Crop description. Ricinus communis L., commonly known as the castor — oil plant, belongs to the family Euphorbiaceae (see Fig. 4.3). This peren­nial tree or shrub can reach up to 12 m high in tropical or subtropical climates, but it remains 3 m tall in temperate places. Native to Central Africa, it is being cultivated in many hot climates. The oil contains up to 90% ricinoleic acid, which is not suitable for nutritional purposes due to its laxative effect [52]. This hydroxycarboxylic acid is responsi­ble for the extremely high viscosity of castor oil, amounting to almost a hundred times the value observed for other fatty materials [53].
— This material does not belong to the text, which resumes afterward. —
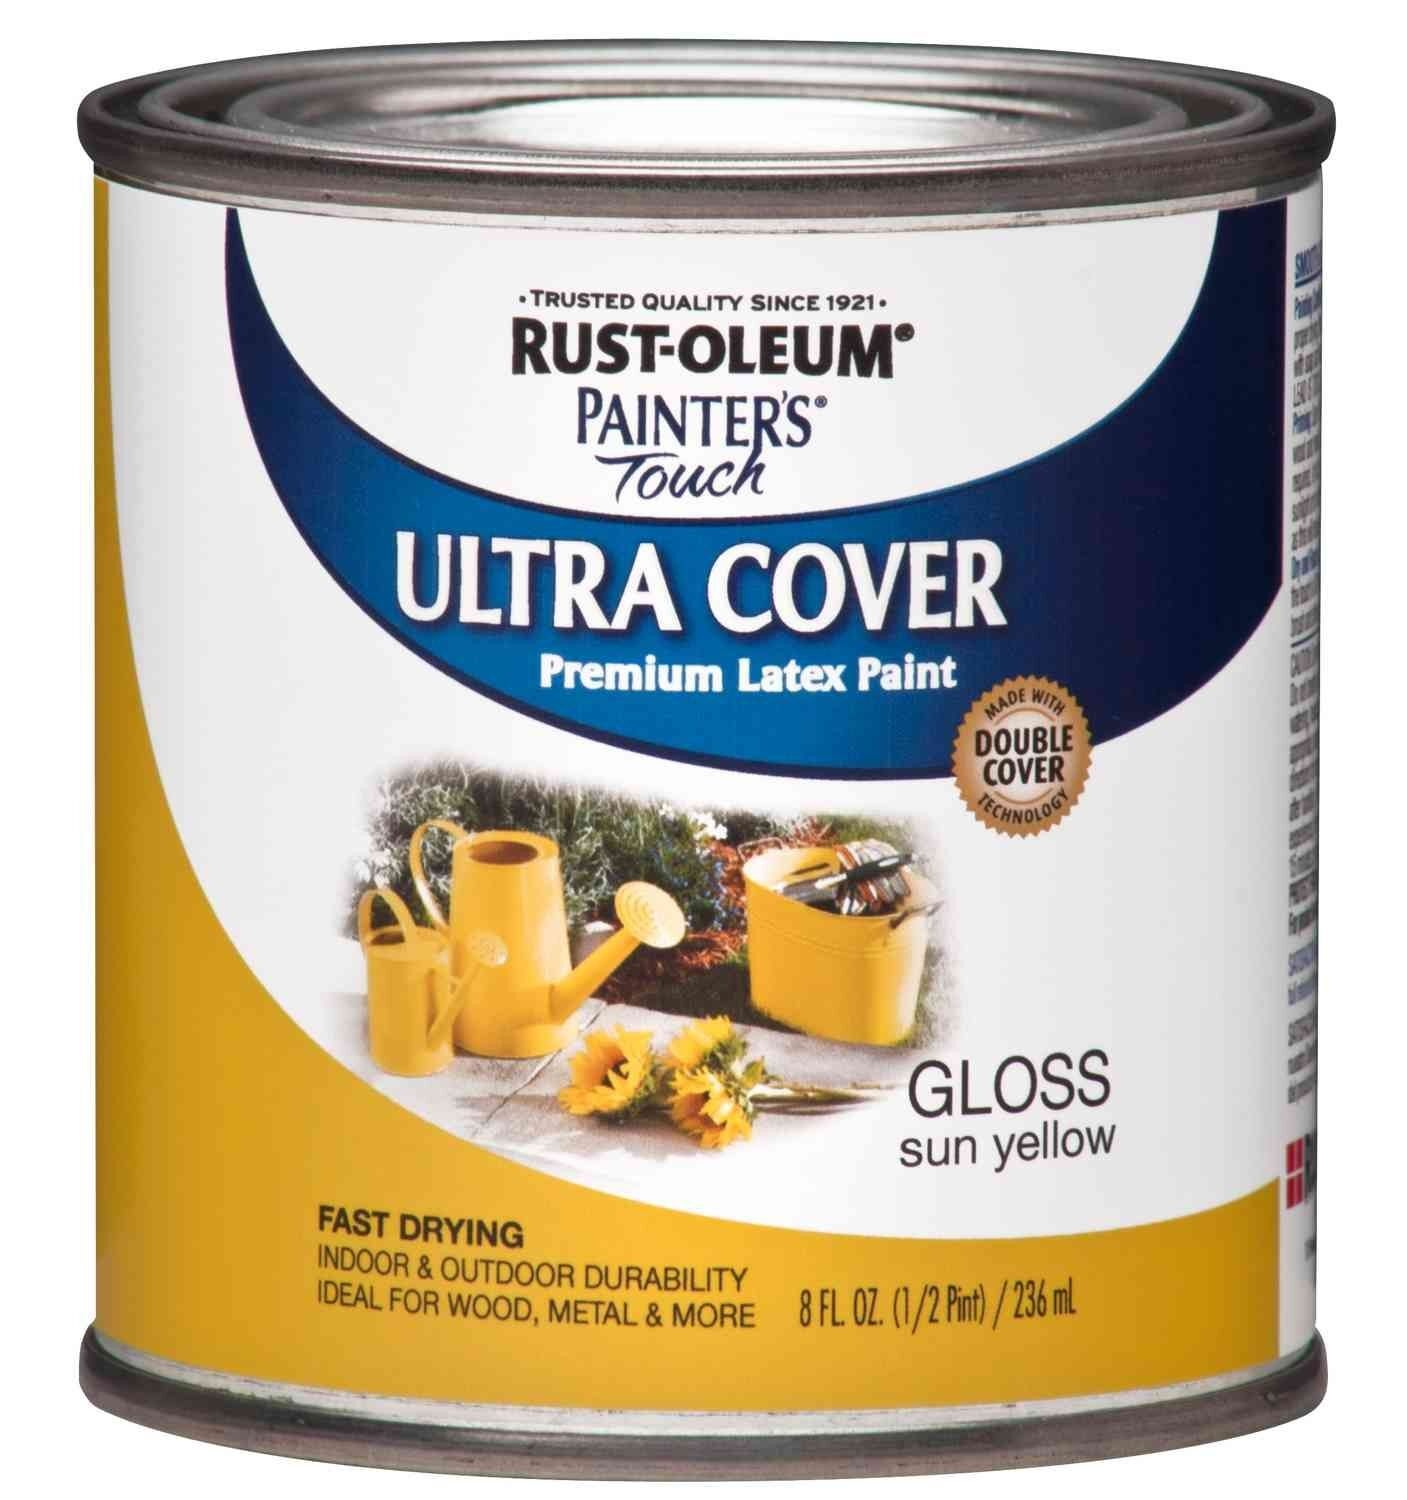 Painter's Touch Ultra Cover Premium Latex Paint

Main uses. Castor bean is cultivated for its seeds, which yield a fast­drying oil used mainly in industry and medicine. Coating fabrics, high — grade lubricants, printing inks, and production of a polyamide nylon-type fiber are among its uses. Dehydrated oil is an excellent drying agent and is used in paints and varnishes. Hydrogenated oil is utilized in the man­ufacture of waxes, polishes, carbon paper, candles, and crayons. The pomace or residue after crushing is used as a nitrogen-rich fertilizer. Although it is highly toxic due to the ricin, a method of detoxicating the meal has been developed, so that it can safely be fed to livestock [54]. Several authors have found that castor-oil biodiesel can be considered as a promising alternative to diesel fuel. Transesterification reactions have been carried out mainly by using both ethanol and NaOH, and through enzymatic methanolysis [55-57]. Several authors have studied the influ­ence of the nature of the catalyst on the yields of biodiesel from castor oil. They found that the most efficient transesterification of castor oil could be achieved in the presence of methoxide and acid catalysts [58]. The influence of alcohol has also been studied. Comparing the use of ethanol versus methanol, Meneghetti et al. have found that similar yields of fatty acid esters may be obtained; however, the reaction with methanolysis is much more rapid [59]. Cvengros et al. produced both ethyl and methyl esters, using NaOH in the presence of ethanol and methanol, respectively. Despite the high viscosity and density values, they concluded that both methyl and ethyl esters can be successfully used as fuel. A positive solution to meet the standard values for both viscosity and density parameters can be a dilution with esters based
on oils/fats without an OH group, or a blending with conventional diesel fuel [60].